Visiting the “City of Peace,” Assisi

Fr. Dominic Peluse (back left) and Fr. Bernie Rosinski (back right) enjoy a meal in Assisi with members of the tour group.

As noted previously, Fr. Bernie Rosinski, SCJ, is among those on a pilgrimage to Rome organized by the province development office. Today he writes about the group’s visit to Assisi:

The pilgrim group visited the city of peace, Assisi in Umbria. St. Francis would have been proud of our group. We supported all the merchant class of which his father was a member. Yes, it was a time for shopping as well as visiting sacred shrines.

Our bus driver endeared himself to many members of the group by arriving at the escalator which took us to the level where the church of St. Clare was located. It saved us innumerable steps and a great deal of energy which would be needed later in the day.
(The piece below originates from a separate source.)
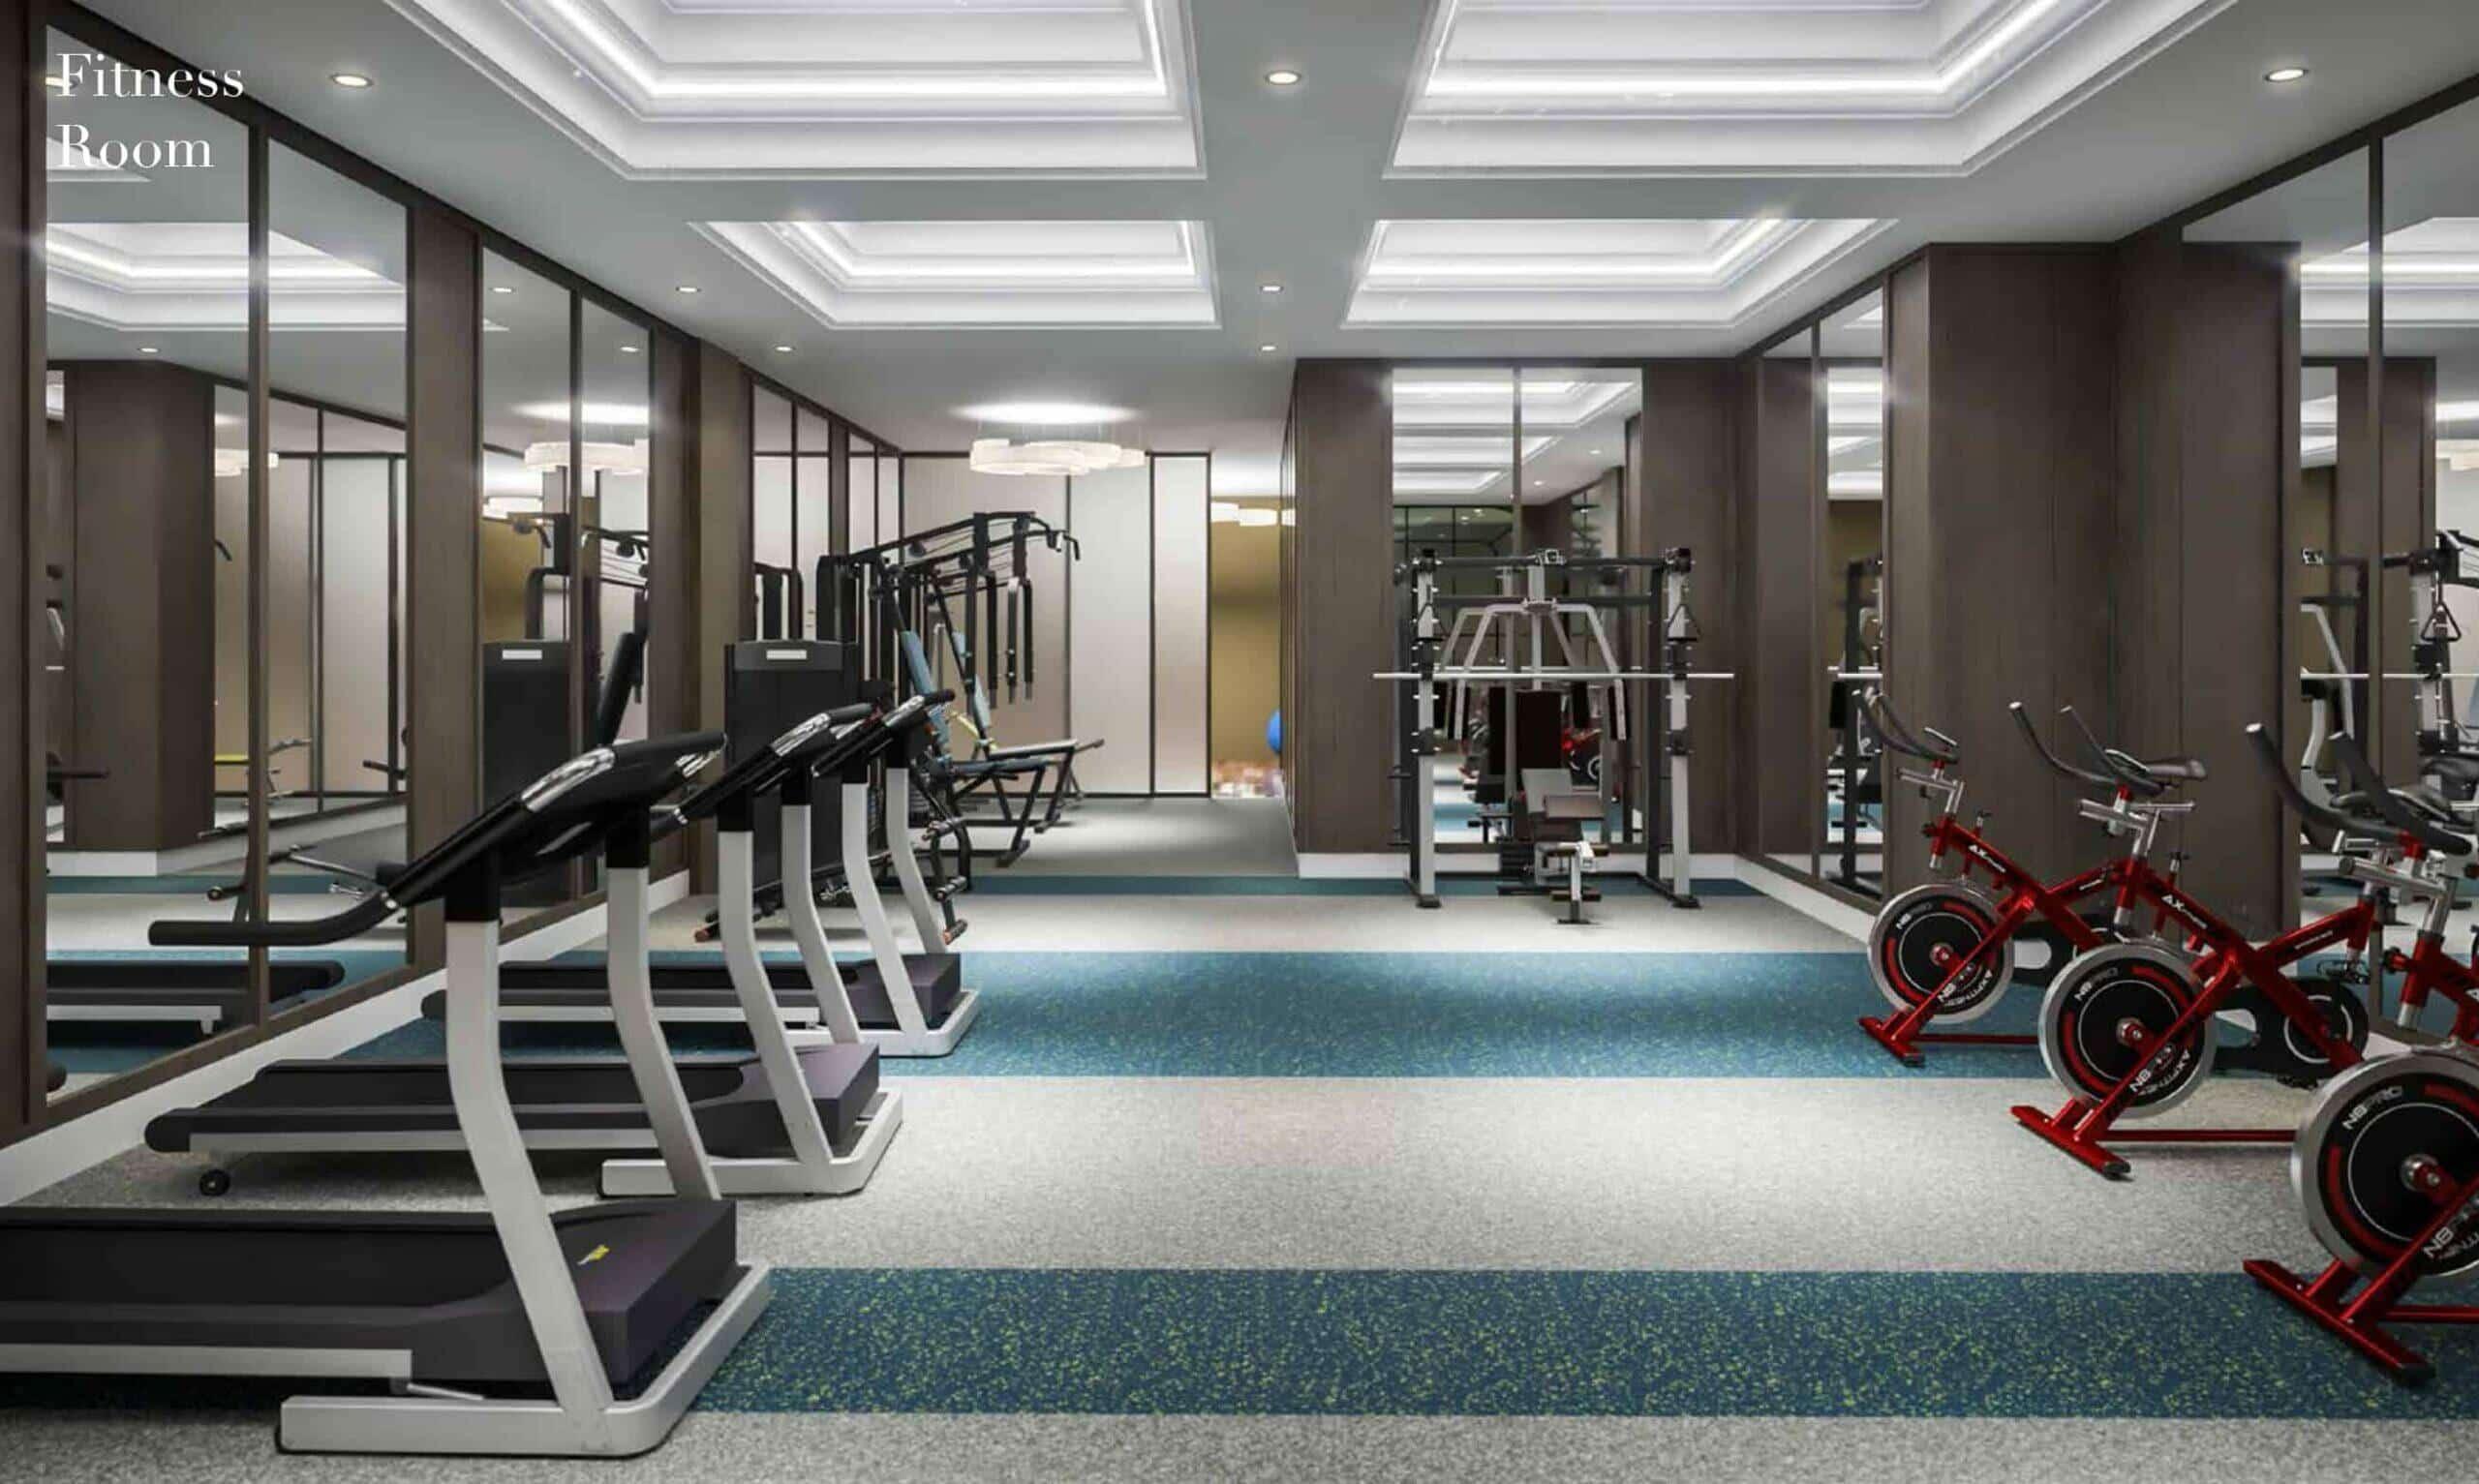 Bijou Brochure Fitness Room scaled

The church of St. Clare fronts the chapel of St. George in which the famous crucifix from which Francis heard the words: “repair my church” were heard. After some months of literal interpretation, Francis finally understood Christ to mean “the” Church, not “a” church. Clare’s tomb is contained in the crypt and other famous memorabilia are found there as well.

We proceeded to the main square where the group broke up into small, manageable luncheon groups — all the better to get served quickly and thus allow time for shopping. Some of us pilgrims are learning that shopping is not just an artform but a vocation.

After, the entire group followed the guide to the house where Francis was born and lived his early life. His mother was French and his father a converted Jew from Lucca. Both parents are honored with bronze statues and his early home is now a chapel.

Walking down the street toward the Basilica of St. Francis was like walking the halls of history. The tour guide would point to the left and right as we proceeded and name a date, an event, an occurrence that took place anywhere from the 12th century to the 20th. Though we pilgrims were outfitted with “whispers” or wireless radio receivers, we still had to pay attention to her remarks because her English needed some polish — maybe a summer in the Sacred Heart School of Theology ESL program! She consistently would place an adjective after a noun, observing Italian grammar rather than English grammar. If one person were “poor,” then two persons were “poors.”  These words are not written to mock her courageous efforts, but to indicate how hard we pilgrims had to listen. She was extremely knowledgeable.

The tour guide showed us just how an illiterate people could be served by the images and frescoes in the basilica. Beginning at one end, she made her way around the entire upper church and narrated the life of St. Francis in frescoes by Giotto. It was a much appreciated tour de force.

There was a brief shopping interlude in the souvenir store found just between the upper and lower parts of the basilica. Once shopping was concluded, we were shown the lower church with frescoes by Cimabue, including what is believed to be a very accurate portrait of St. Francis. This portion of our visit concluded with a trip to his tomb where the pilgrims prayed for peace and many other things.

While it was a very tiring day, with all the walking and climbing, there were no complaints. Our bus driver, Nicola, got us home in plenty of time to enjoy risotto, patatine, and bistecca at the Villa Aurelia.